**WORK TO BE COMPLETED**
Search the records for "with" and copy each line that holds it.

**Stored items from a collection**
================

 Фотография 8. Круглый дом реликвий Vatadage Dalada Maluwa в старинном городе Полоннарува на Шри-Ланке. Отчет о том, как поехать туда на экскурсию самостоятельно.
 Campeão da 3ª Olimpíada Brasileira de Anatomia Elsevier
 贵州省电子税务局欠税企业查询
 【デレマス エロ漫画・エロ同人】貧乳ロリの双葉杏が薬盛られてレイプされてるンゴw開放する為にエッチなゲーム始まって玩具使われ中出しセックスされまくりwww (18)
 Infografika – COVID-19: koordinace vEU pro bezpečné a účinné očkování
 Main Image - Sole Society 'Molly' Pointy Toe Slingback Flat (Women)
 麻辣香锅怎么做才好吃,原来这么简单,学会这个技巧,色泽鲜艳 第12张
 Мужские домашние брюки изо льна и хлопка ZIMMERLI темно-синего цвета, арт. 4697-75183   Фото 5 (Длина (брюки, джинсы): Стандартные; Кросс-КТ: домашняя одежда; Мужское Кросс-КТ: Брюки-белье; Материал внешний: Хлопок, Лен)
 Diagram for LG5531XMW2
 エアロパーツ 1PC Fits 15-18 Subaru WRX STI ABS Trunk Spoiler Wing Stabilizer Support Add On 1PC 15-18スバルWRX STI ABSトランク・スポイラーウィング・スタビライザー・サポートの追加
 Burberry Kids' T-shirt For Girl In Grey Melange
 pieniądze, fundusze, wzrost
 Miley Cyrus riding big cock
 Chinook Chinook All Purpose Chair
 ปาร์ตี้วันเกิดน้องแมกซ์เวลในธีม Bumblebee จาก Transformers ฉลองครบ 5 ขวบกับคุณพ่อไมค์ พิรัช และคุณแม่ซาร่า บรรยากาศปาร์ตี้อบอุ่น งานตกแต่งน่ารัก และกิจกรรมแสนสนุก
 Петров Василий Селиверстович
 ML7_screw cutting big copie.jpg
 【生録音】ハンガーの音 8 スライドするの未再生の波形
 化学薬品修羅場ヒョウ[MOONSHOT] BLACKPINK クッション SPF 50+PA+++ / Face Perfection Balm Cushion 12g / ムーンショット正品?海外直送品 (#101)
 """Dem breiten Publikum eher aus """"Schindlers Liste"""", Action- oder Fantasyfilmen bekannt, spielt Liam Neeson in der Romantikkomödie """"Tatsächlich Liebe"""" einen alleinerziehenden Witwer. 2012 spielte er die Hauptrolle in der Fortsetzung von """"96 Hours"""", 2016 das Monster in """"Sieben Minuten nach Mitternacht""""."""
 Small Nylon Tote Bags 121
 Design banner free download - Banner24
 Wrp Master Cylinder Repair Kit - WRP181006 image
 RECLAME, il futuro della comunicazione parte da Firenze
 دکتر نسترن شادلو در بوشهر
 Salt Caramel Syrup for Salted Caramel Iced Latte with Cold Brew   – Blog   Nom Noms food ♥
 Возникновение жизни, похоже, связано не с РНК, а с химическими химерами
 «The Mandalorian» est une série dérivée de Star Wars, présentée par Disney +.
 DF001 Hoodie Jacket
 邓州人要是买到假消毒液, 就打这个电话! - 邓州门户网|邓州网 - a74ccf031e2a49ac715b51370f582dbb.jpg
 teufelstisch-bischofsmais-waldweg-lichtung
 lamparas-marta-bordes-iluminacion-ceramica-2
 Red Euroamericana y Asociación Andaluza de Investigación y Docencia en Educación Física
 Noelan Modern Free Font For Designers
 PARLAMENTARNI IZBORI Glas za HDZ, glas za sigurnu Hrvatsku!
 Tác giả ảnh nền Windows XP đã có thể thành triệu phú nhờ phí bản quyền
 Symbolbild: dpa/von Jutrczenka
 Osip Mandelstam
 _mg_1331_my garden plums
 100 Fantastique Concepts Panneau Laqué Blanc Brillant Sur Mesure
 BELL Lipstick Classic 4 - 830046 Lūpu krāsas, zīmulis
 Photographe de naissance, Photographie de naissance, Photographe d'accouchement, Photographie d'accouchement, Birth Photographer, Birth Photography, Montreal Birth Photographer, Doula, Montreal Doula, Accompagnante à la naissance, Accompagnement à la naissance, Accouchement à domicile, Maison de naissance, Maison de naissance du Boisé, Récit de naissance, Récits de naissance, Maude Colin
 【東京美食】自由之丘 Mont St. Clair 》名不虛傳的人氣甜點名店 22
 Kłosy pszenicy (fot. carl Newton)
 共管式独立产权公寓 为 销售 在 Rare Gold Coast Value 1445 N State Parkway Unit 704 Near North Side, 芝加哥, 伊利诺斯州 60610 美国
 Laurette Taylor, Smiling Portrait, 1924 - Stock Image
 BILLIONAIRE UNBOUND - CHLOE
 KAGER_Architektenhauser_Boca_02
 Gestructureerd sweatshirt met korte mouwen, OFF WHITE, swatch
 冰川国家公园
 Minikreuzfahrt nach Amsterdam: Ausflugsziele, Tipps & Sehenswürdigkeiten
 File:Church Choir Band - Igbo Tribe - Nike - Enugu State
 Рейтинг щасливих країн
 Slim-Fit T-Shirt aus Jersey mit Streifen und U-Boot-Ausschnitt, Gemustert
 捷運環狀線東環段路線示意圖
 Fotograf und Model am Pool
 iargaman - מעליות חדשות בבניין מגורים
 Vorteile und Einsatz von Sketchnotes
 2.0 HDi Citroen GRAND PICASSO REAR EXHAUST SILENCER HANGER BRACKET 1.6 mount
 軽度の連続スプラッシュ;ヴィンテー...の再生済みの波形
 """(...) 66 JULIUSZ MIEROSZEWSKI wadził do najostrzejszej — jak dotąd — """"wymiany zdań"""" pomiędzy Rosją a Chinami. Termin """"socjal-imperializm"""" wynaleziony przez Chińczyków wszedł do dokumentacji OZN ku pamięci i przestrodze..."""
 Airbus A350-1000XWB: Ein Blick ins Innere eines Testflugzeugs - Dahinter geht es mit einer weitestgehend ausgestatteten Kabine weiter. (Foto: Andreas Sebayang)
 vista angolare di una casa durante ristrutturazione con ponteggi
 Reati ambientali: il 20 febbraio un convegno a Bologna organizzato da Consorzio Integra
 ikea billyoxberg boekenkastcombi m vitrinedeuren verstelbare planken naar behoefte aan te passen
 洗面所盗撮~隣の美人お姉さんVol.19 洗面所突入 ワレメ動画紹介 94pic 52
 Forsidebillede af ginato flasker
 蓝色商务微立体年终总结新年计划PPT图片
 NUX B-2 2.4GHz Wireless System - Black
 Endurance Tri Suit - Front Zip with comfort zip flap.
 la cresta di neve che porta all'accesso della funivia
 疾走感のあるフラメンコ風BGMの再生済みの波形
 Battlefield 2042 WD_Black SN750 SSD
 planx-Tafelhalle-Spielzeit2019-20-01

================

**ANSWER SPACE**
 Salt Caramel Syrup for Salted Caramel Iced Latte with Cold Brew   – Blog   Nom Noms food ♥
 Endurance Tri Suit - Front Zip with comfort zip flap.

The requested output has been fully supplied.